Как бы там ни было, Ордановский ушел красиво – молодым, на взлете. Так же красиво, не пережив свой звездный час, не похоронив его в собственном прошлом, как лелеемый укор блеклому настоящему, из обитателей этого некрополя ушли еще разве что Цой и Курехин – ушли прямиком по лунной дорожке, постеленной им милосердным ангелом. Покоя тебе, Жора, если ты мертв, мужества – если жив.

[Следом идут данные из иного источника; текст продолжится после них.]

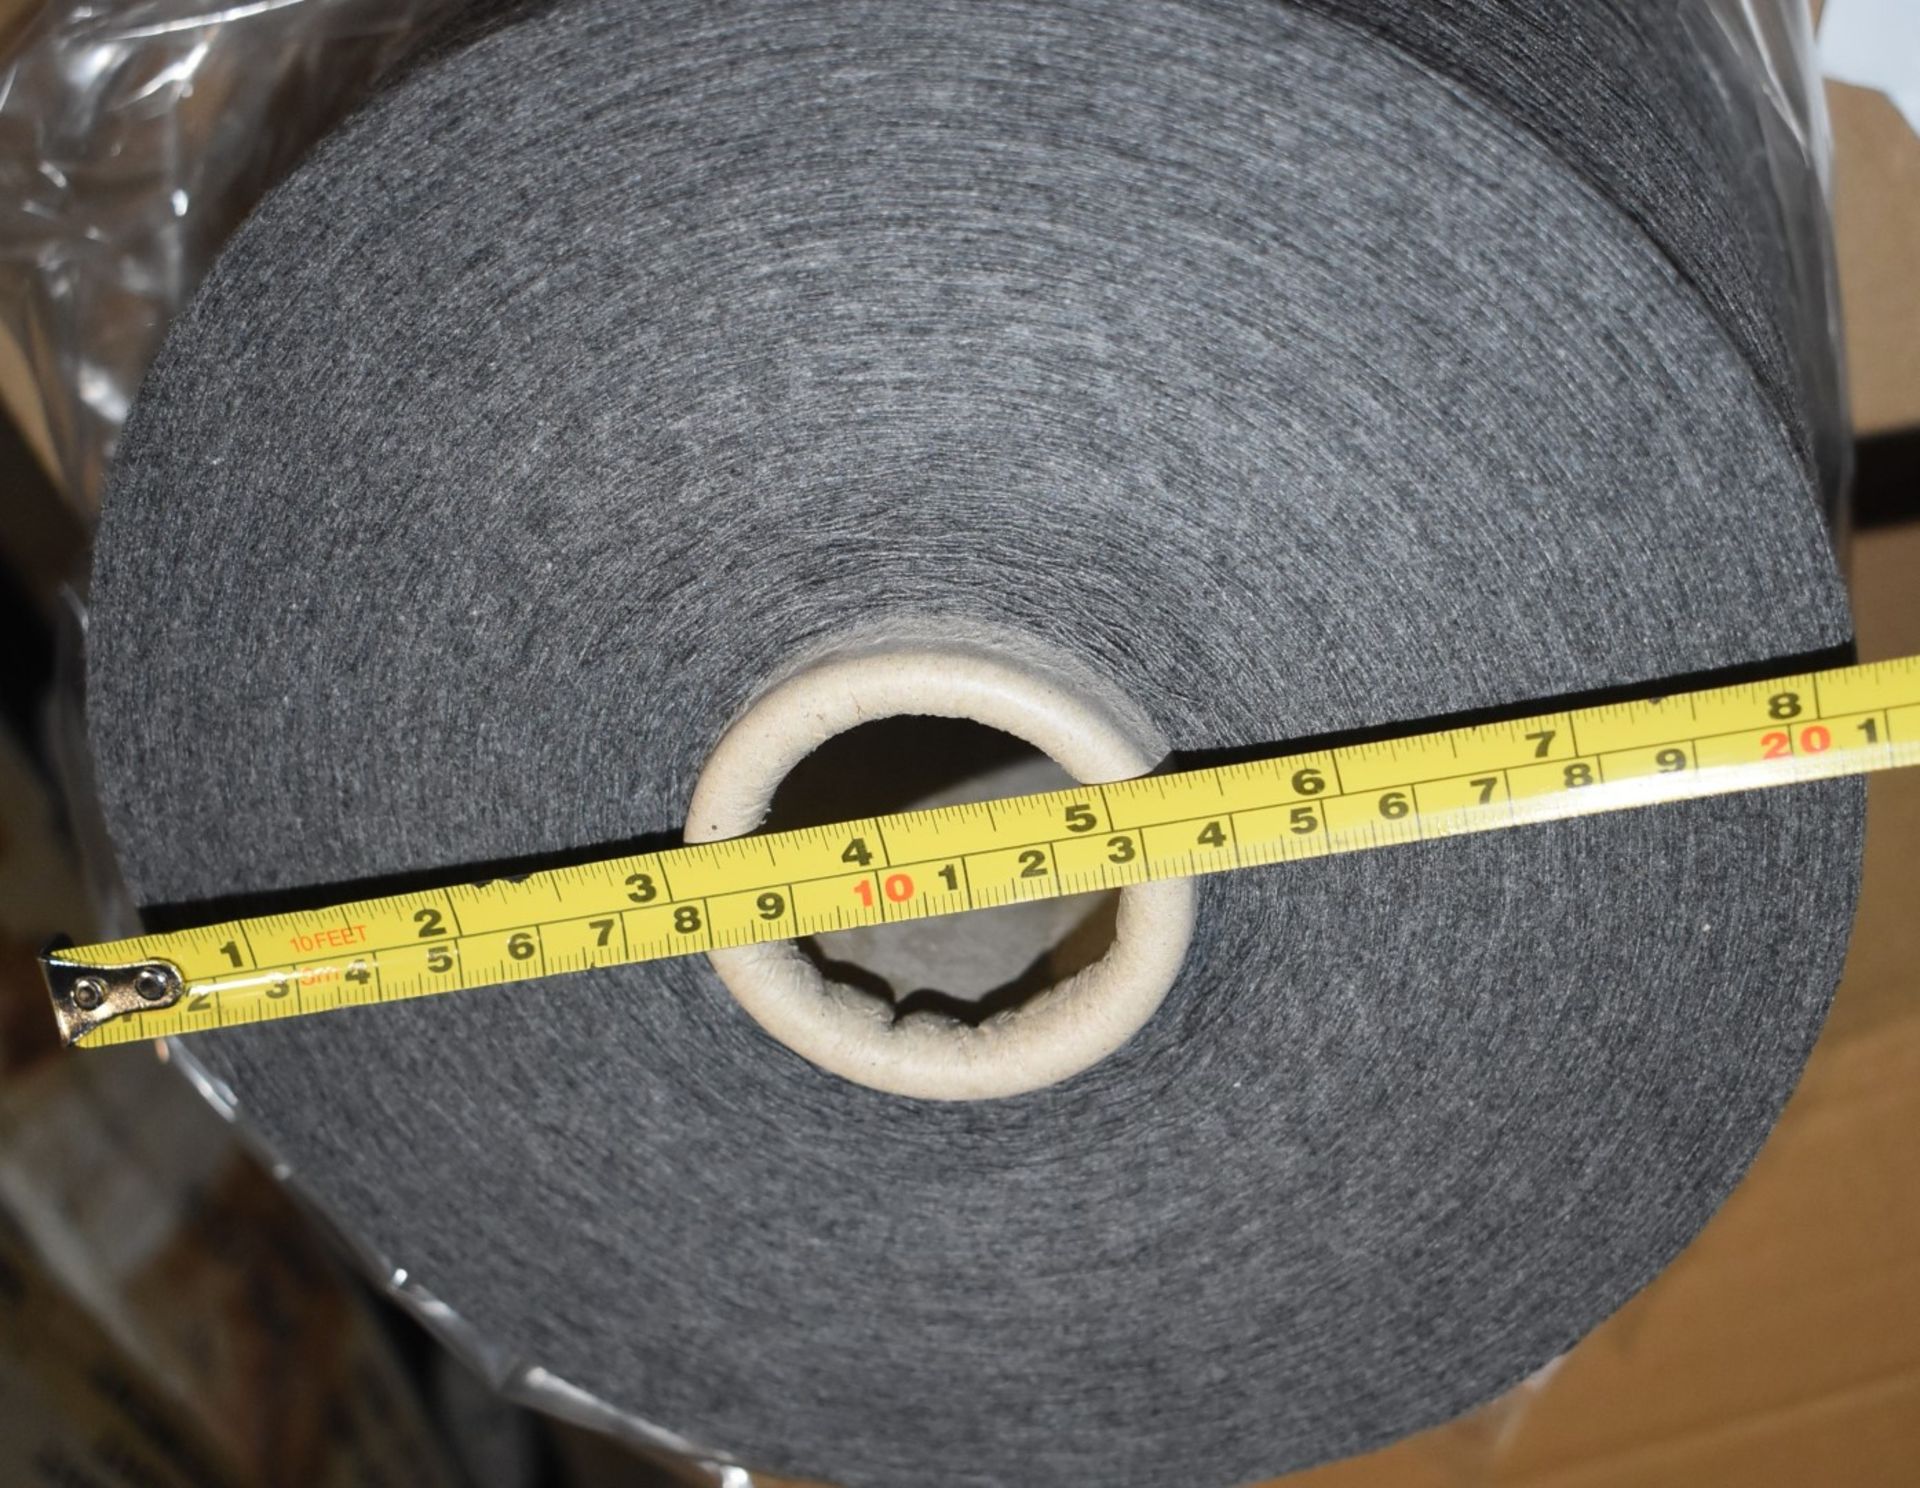 10 x Cones of 1/13 MicroCotton Knitting Yarn - Mid Grey - Approx Weight: 2,500g - New Stock ABL Yarn - Image 12 of 17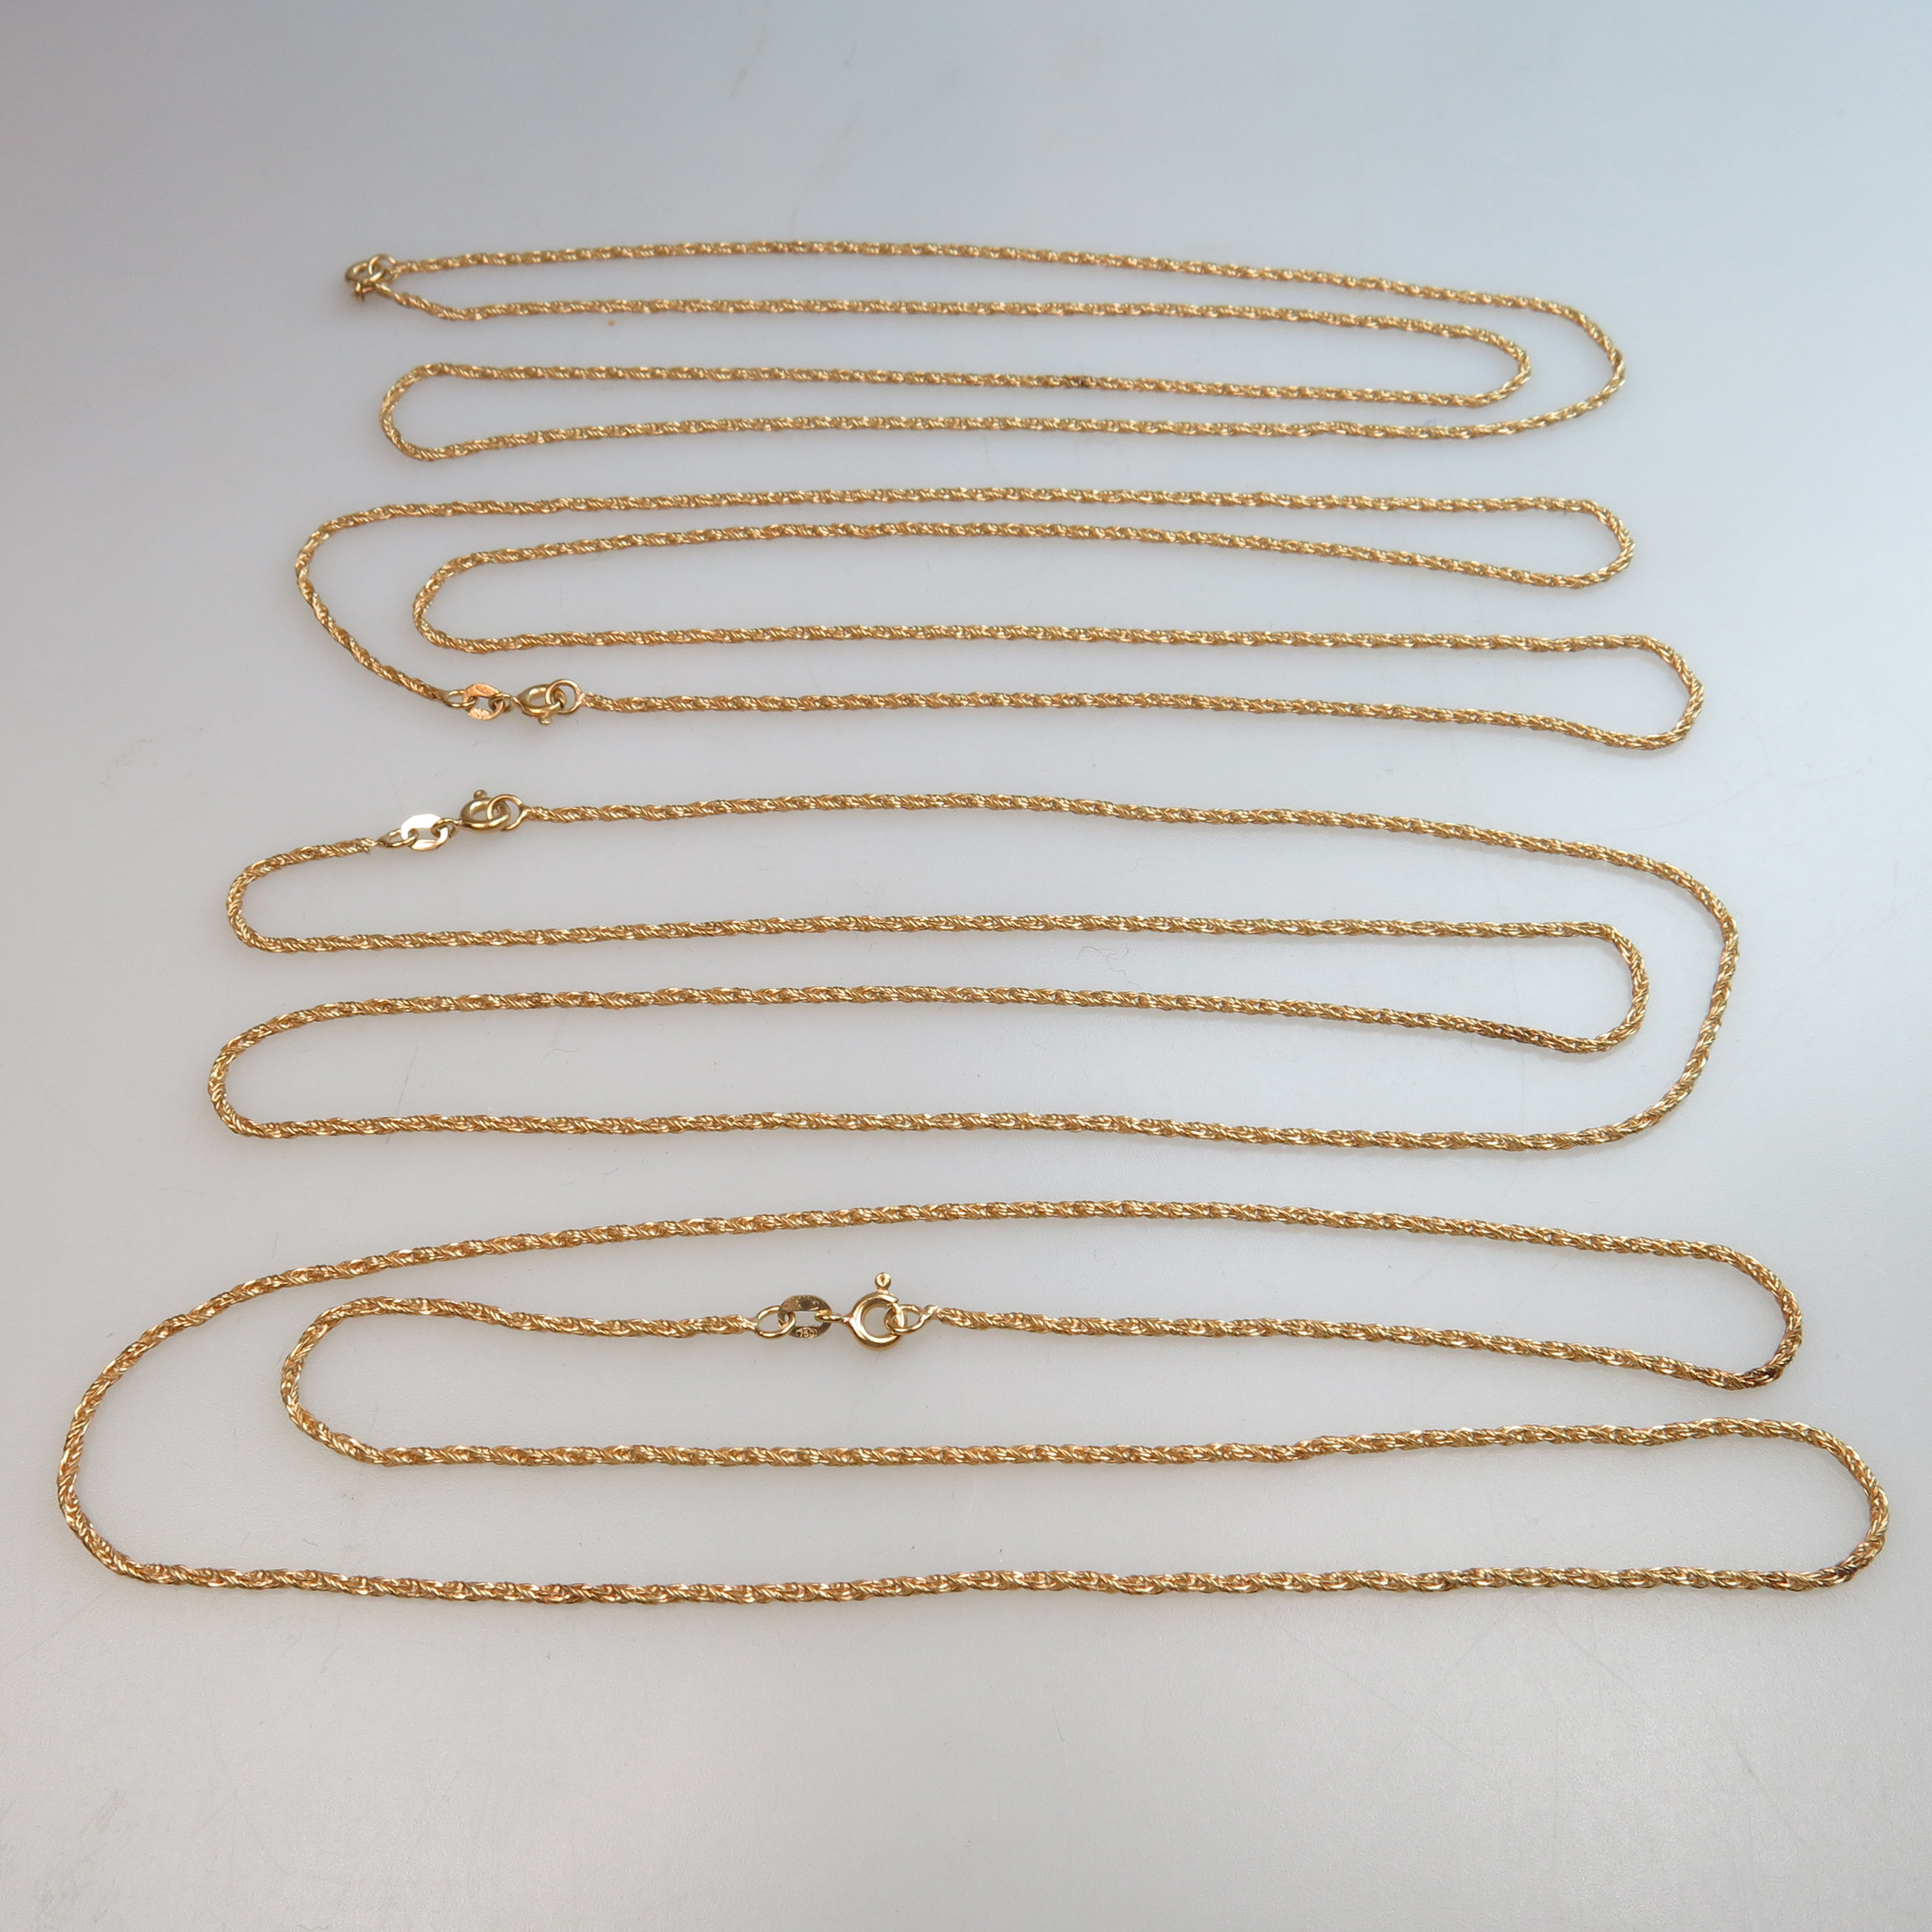 4 x 18k Yellow Gold Rope Necklaces

Виктор Цой. Арбатская почта
Виктор Цой и Алексей Рыбин
Пожалуй, эта история тоже склоняется к черному цвету. По крайней мере, в своем визуальном ряду, в клубящихся в придонной тьме образах, некогда отпечатанных на стенке глазного яблока, покрытого колбочками с чуткой слизью, и теперь время от времени всплывающих в памяти, как, должно быть, всплывают, подхваченные холодными водяными токами, утопленники к поверхности застеленного льдом озера. Наверное, это совсем неважно, и тем не менее… Вот выдержка из интервью «Советскому экрану» за 1989 год:
– Виктор, вы всегда ходили в черном?
– Да, всю сознательную жизнь, во всяком случае.
А вот фрагмент из интервью пермской газете «Молодая гвардия» за 1990-й:
– Твой любимый цвет – черный. Это символ жизни для тебя?
– Нет, это просто мой любимый цвет. И все.
А вот еще фрагмент из интервью Цоя украинскому радио (май, 1990-й):
– Несколько блицвопросов в стиле журнала «Браво»: любимый цвет, наверное, черный, да?
– Конечно.
Оставим на совести интервьюеров их идиотские предположения, однако что касается господствующего пристрастия героя текста к цвету, то, как ни странно, так оно и было. Когда мы познакомились с Цоем, а случилось это весной 1980 года, он красовался в узких черных штанах, черной рубашке и черной, клеенчатой, утыканной булавками жилетке. Копна смоляных волос, смугловатая кожа и агатовые глаза довершали этюд. Определенная степень внешней припанкованности отличала и других участников этой компании, почему-то называвших себя «битниками» – Пиню и Рыбу, однако настоящим, идейным панком (правда, в собственной, несколько специфической трактовке этого понятия) был здесь, пожалуй, только Свин – актер по жизни и беззаветный чудила с весьма своеобразным чувством юмора. Нейтральнее других выглядел Олег Валинский, поэтому, должно быть, к нему так и не приросла никакая кличка.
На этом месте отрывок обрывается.